The worst time for me in a workshop or presentation are those five or 10 minutes before the start time when the faculty participants are arriving. My stomach is in knots. I'm wishing I were at home. I know I haven't prepared enough. Somebody is going to ask me a question I can't answer. I get through it by using a technique I happened on when I was teaching. I use the time to chat. In workshops, I pass out handouts, introduce myself, and find out about those who have chosen to attend the session. “What do you teach?” “Where does that course fit in the program?” “How big are your classes?” “How's the semester going?” Listening to others means less time thinking about myself, but I've also learned it's a good way to find out firsthand some things about those attending. It's also a way of connecting—physically close, at conversational distances, looking and sounding like a real person, and discovering that when seen up close the audience is full of real people as well.

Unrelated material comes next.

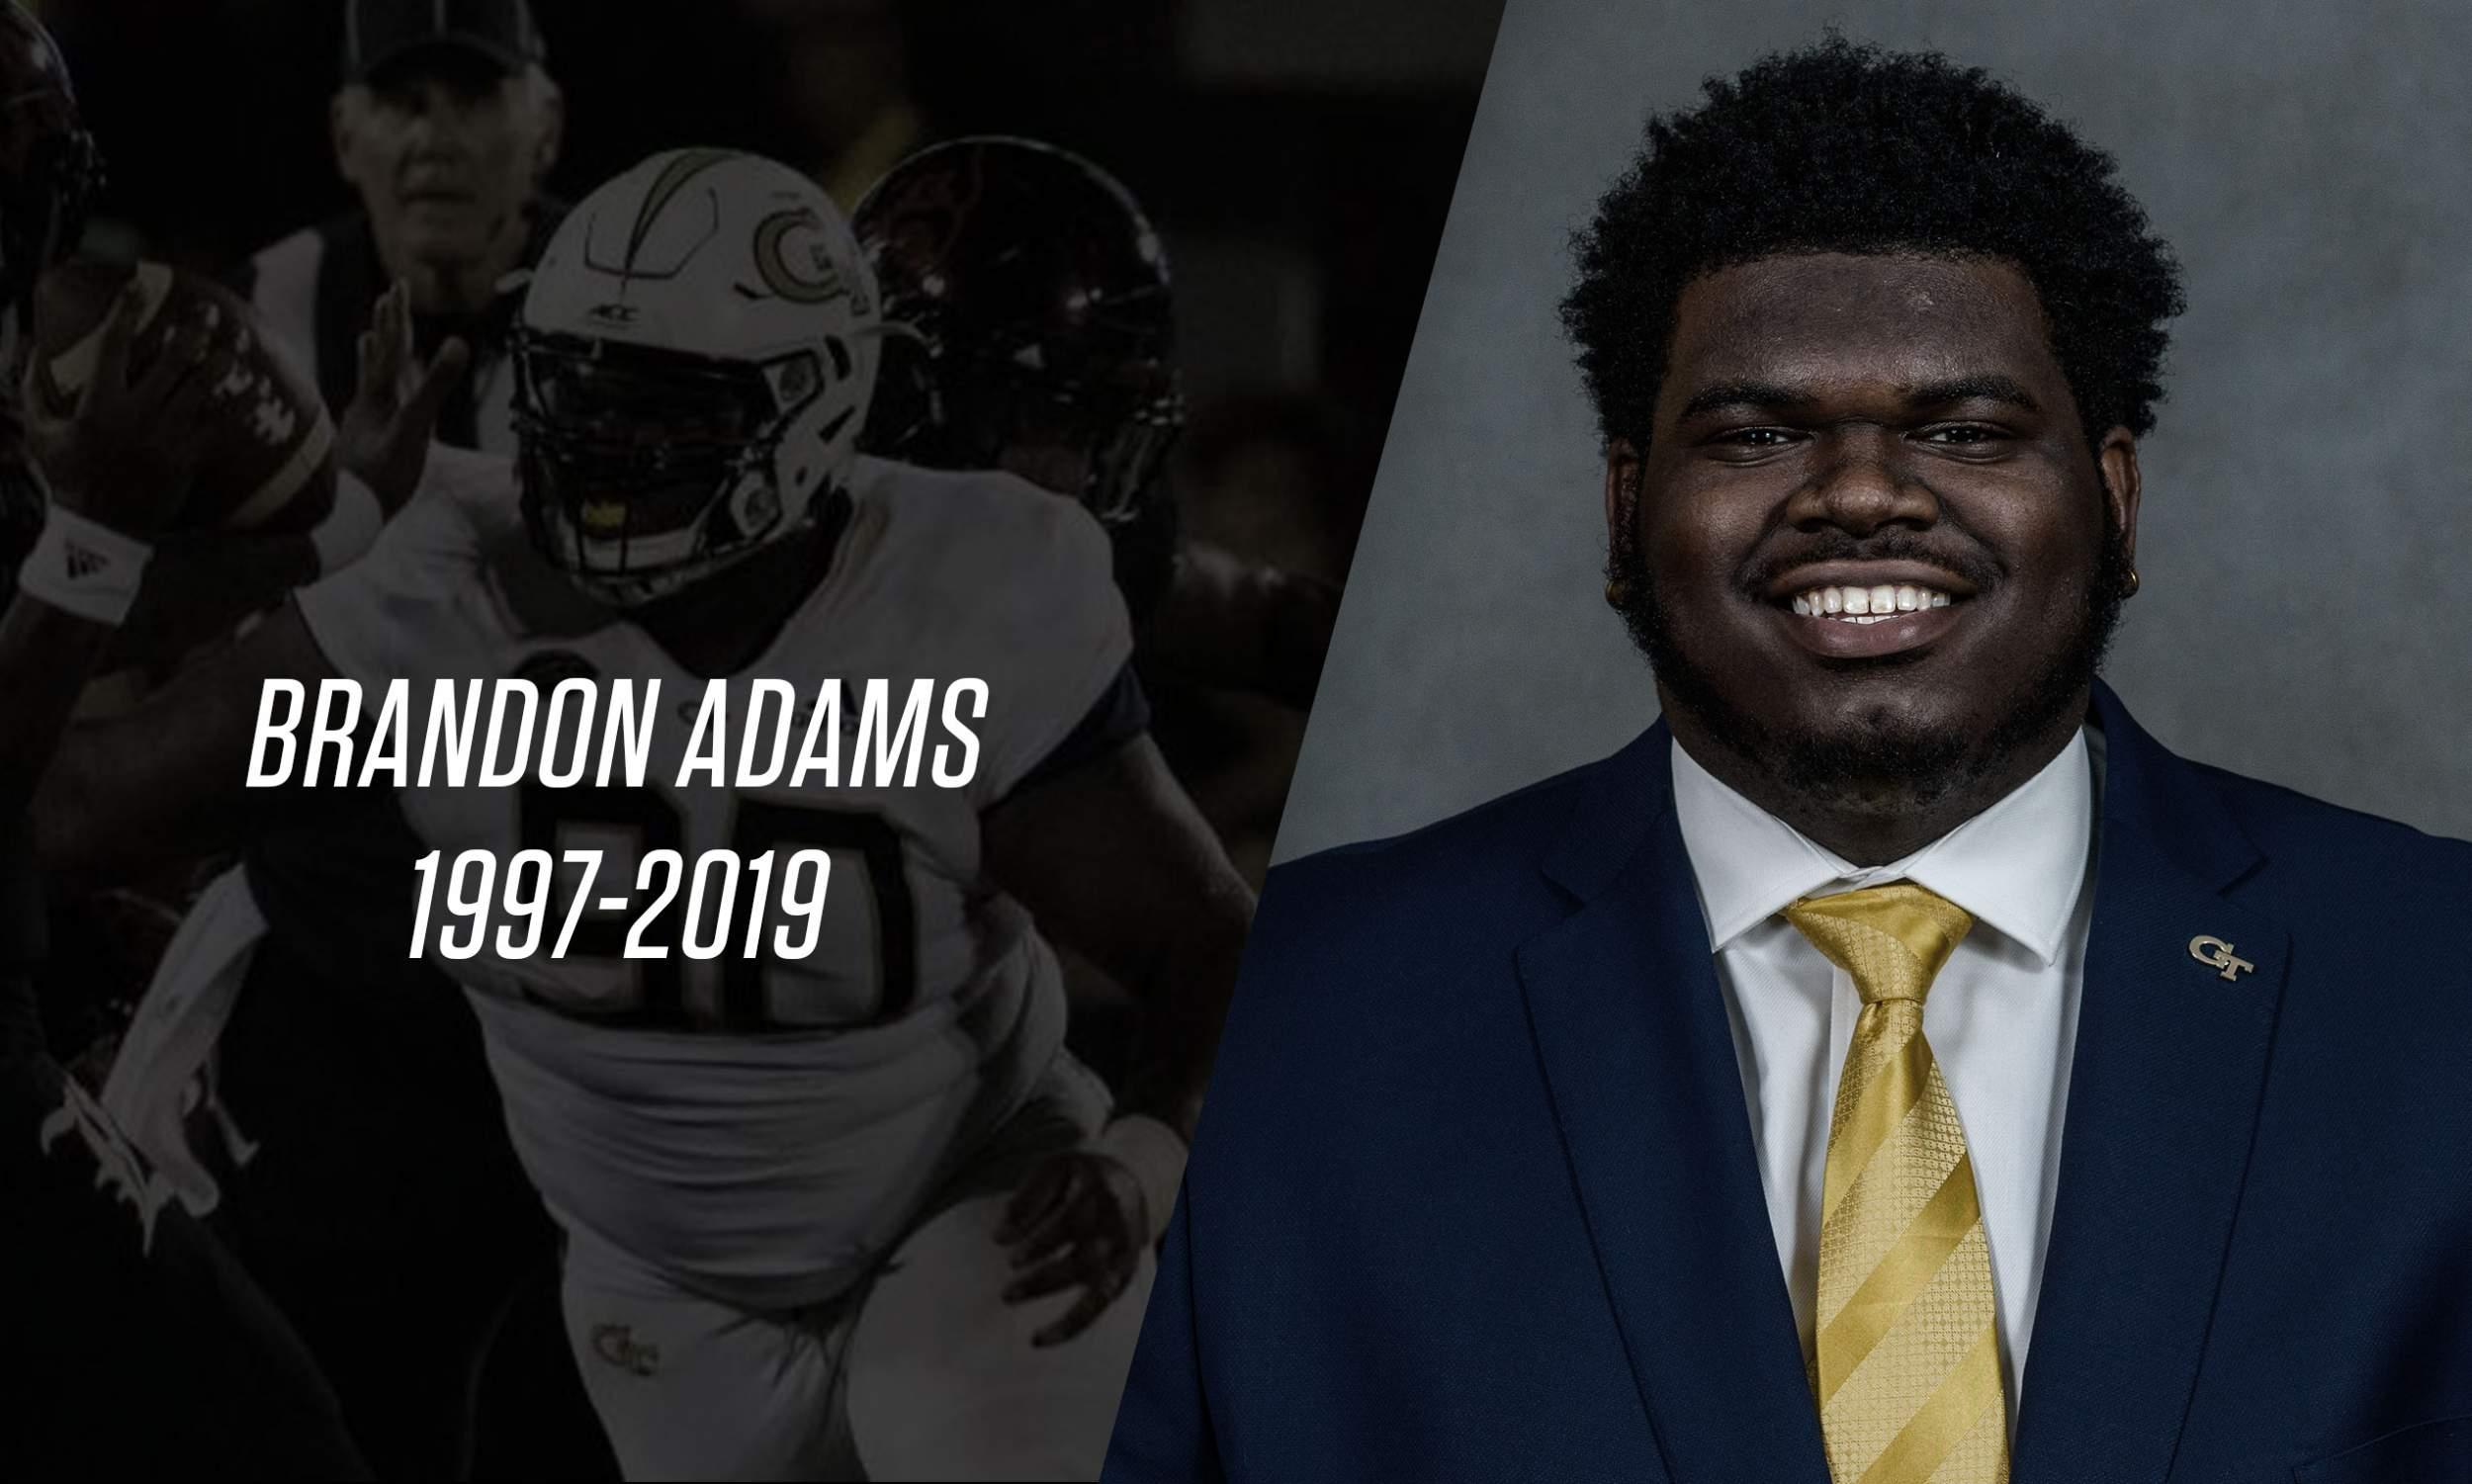 https://ramblinwreck.com/georgia-tech-athletics-mourns-the-loss-of-brandon-adams/

I started doing this when I was still teaching, and again I was motivated by the need to do something other than be nervous before class started. I walked to different parts of the room and chatted. I could find out what other courses students were taking and what they might be learning in those courses. Sometimes they said “nothing,” and I replied with feigned horror, “Oh no, that can't possibly be true! All that time and money, and you haven't learned a thing?”
In the beginning (and sometimes later) the conversations feel a bit awkward. Students are clearly uncomfortable. The teacher is in their space. They are sitting and the teacher is standing—that reinforces the power differential between teacher and student. The two are known to each other only in these roles, teacher or student. They aren't (and shouldn't be) friends in the buddy-buddy sense. So the conversations aren't all that natural. The onus is definitely on the teacher to initiate and carry the exchange. Students don't dive right in with “Oh, I'm so glad you're here. There's something I've been wanting to ask you.”
I was delighted to find a short article in a recent issue of College Teaching that offers teachers some help with these conversations. The author, Tony Docan-Morgan, has also found that these exchanges advance a number of important learning-related objectives. But what's most useful in his piece are his very concrete suggestions about what questions teachers might ask students as they seek to “mingle” with them before class. He organizes the questions into three areas, listed below with some of the questions he recommends.
General greeting questions—“How are you?” “What's your major?” “How's the semester going?” “What's new?” “What activities are keeping you busy on campus?”
Course assignment questions—“What questions do you have about upcoming assignments?” “How are you doing on assignment X?” “What kind of progress are you making?” “What help do you need with this assignment?” In this category, I liked to ask about assignments after the fact. “So, what did you learn from this assignment that you think you'll still remember next year?” “Did you learn anything about yourself as a learner doing this assignment?” “If I use this assignment next time I teach this course, would you recommend any changes?” “What made the assignment easy?” “What made it difficult?”
Course content review questions—There is need for caution here. If students feel as though you're grilling them on the content, they aren't going to be willing participants in the exchange. Docan-Morgan explains his approach. “When asking these questions, I do so in a non-face-threatening and/or humorous manner.” (p. 117) Examples: “If someone paid you $100 to explain what you think is the most important takeaway point from the content in our current unit, what would you say?” “Let's pretend you're creating fortune cookies for our class—if you have to write a fortune based on content we've been learning about this week, what would you write?” “In a nutshell or two, what did you take away from our last class period?”
Reference: Docan-Morgan, T., (2014). Mingling with students before class: What to ask. College Teaching, 62 (3), 117.